# [THE DATA]

----------------------------------------

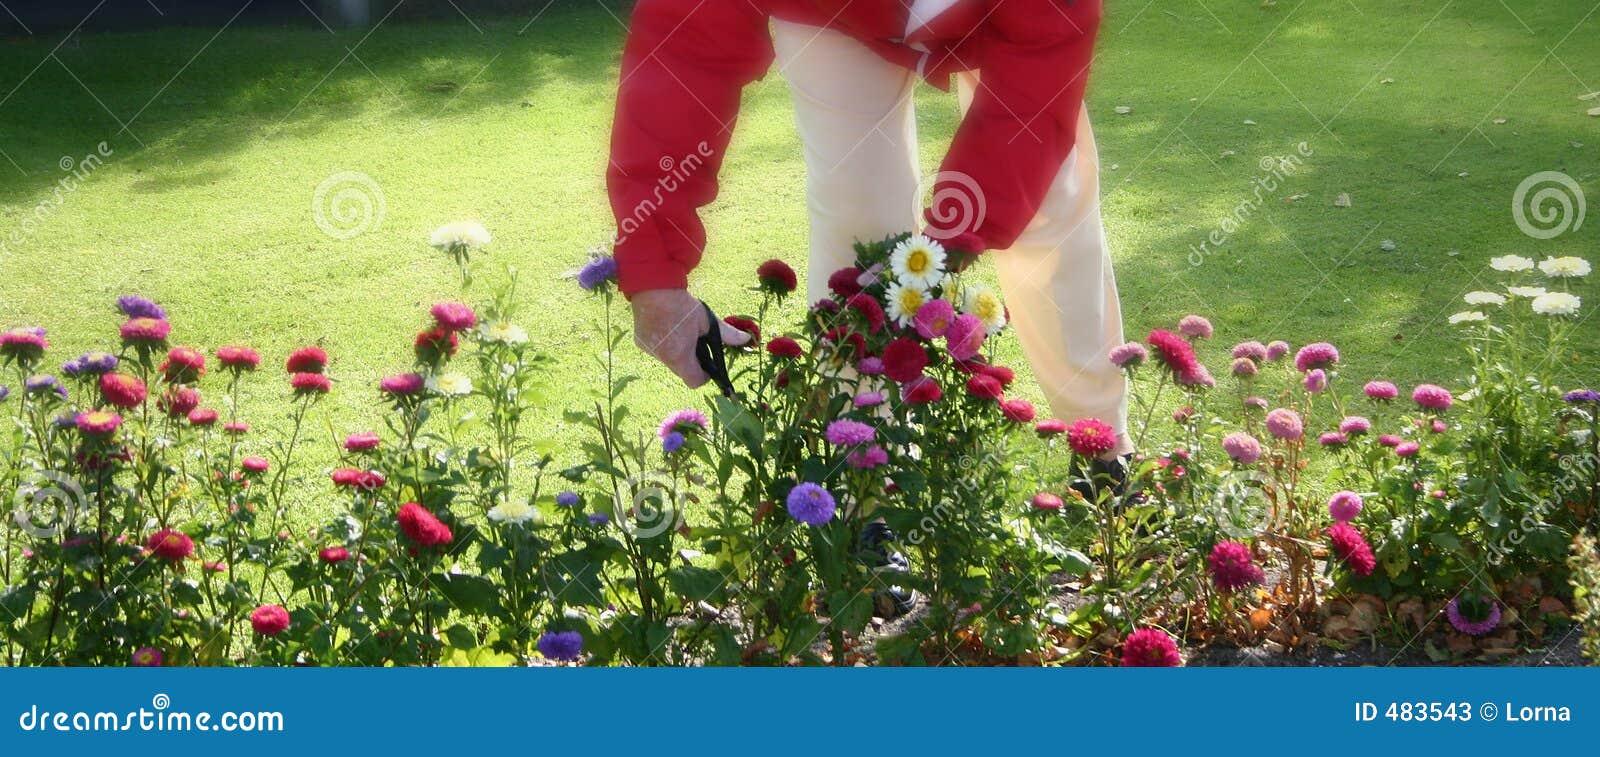 Flores de corte, cultivando un huerto
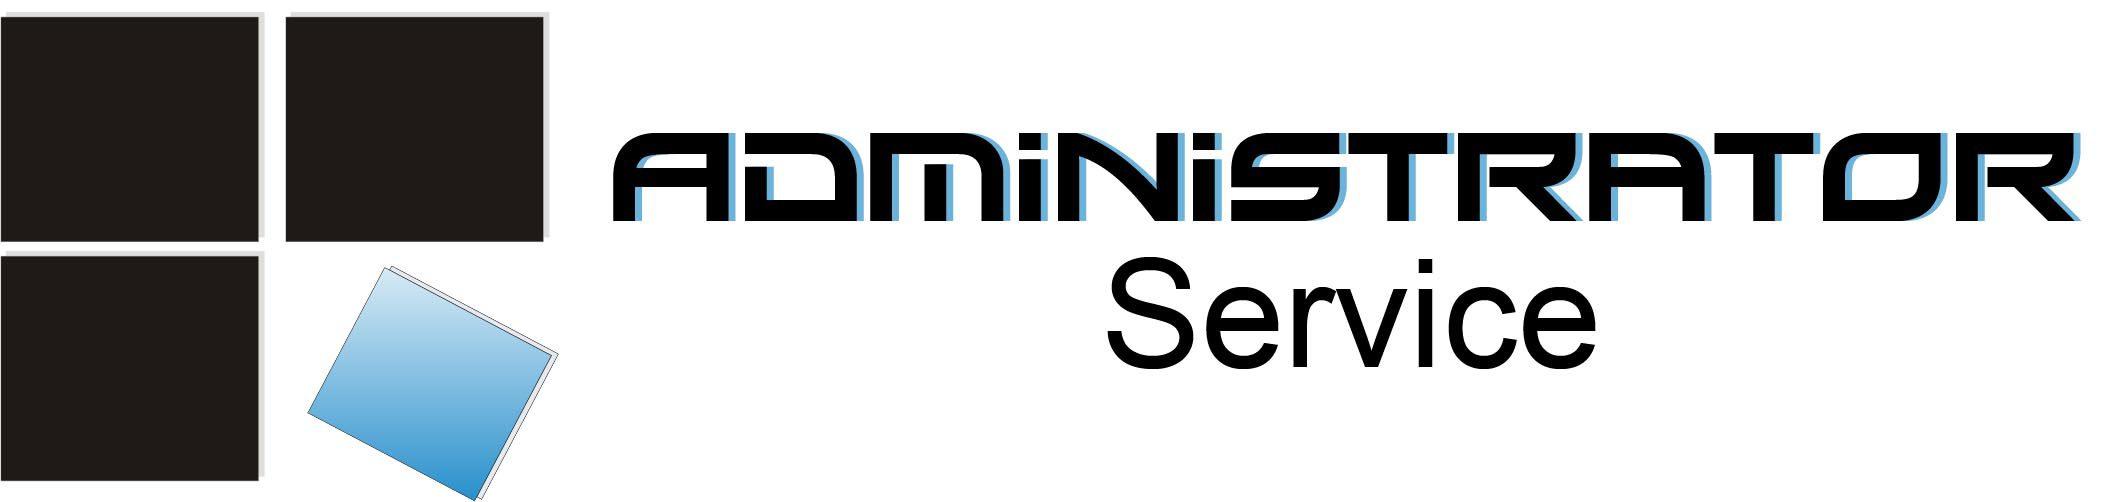 Administrator Service
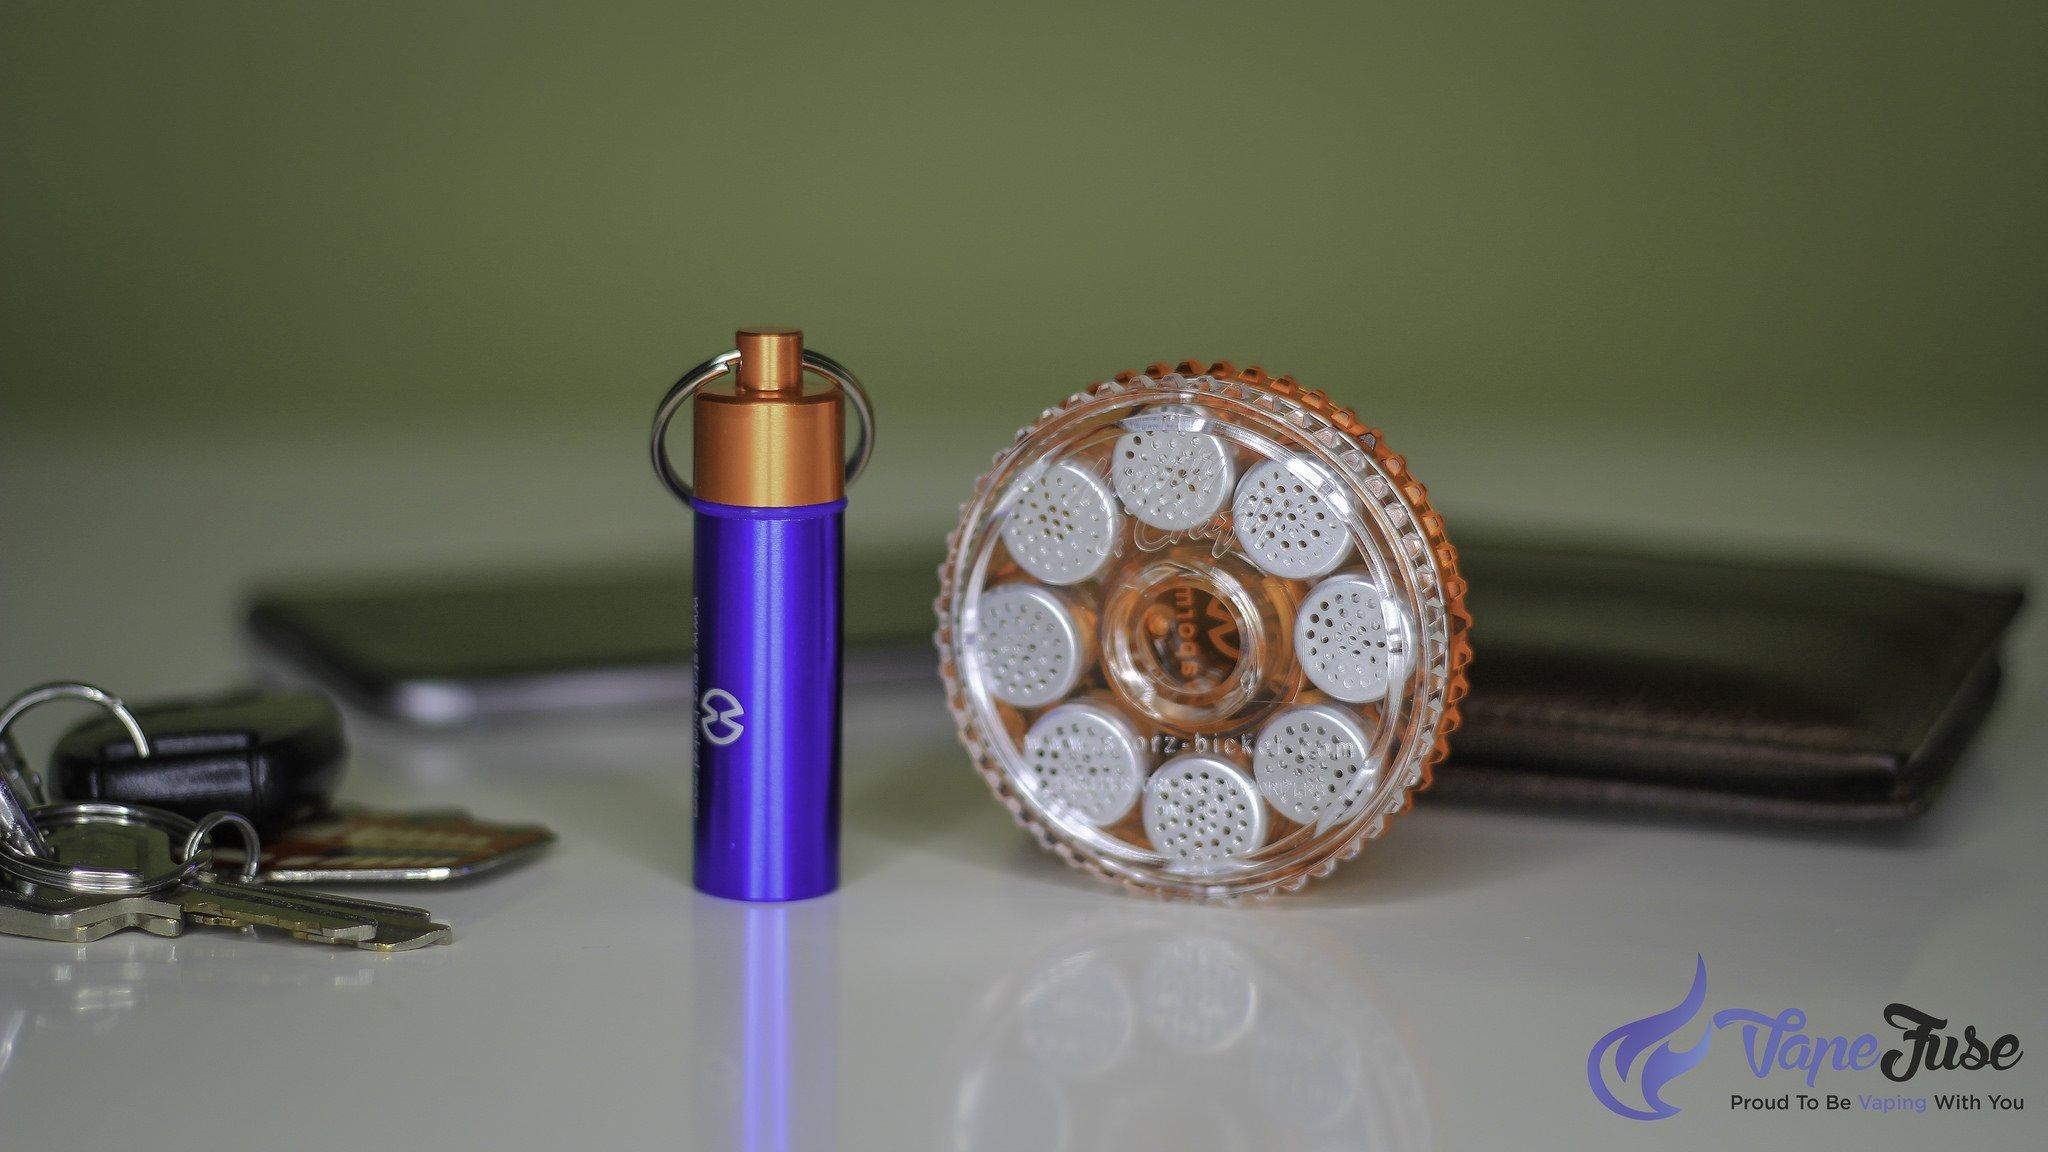 Storz & Bickel dosing capsules

----------------------------------------

# [THE TASK]
Give back all the material exactly, with no pictures.

# [RESPONSE]
 Flores de corte, cultivando un huerto
 Administrator Service
 Storz & Bickel dosing capsules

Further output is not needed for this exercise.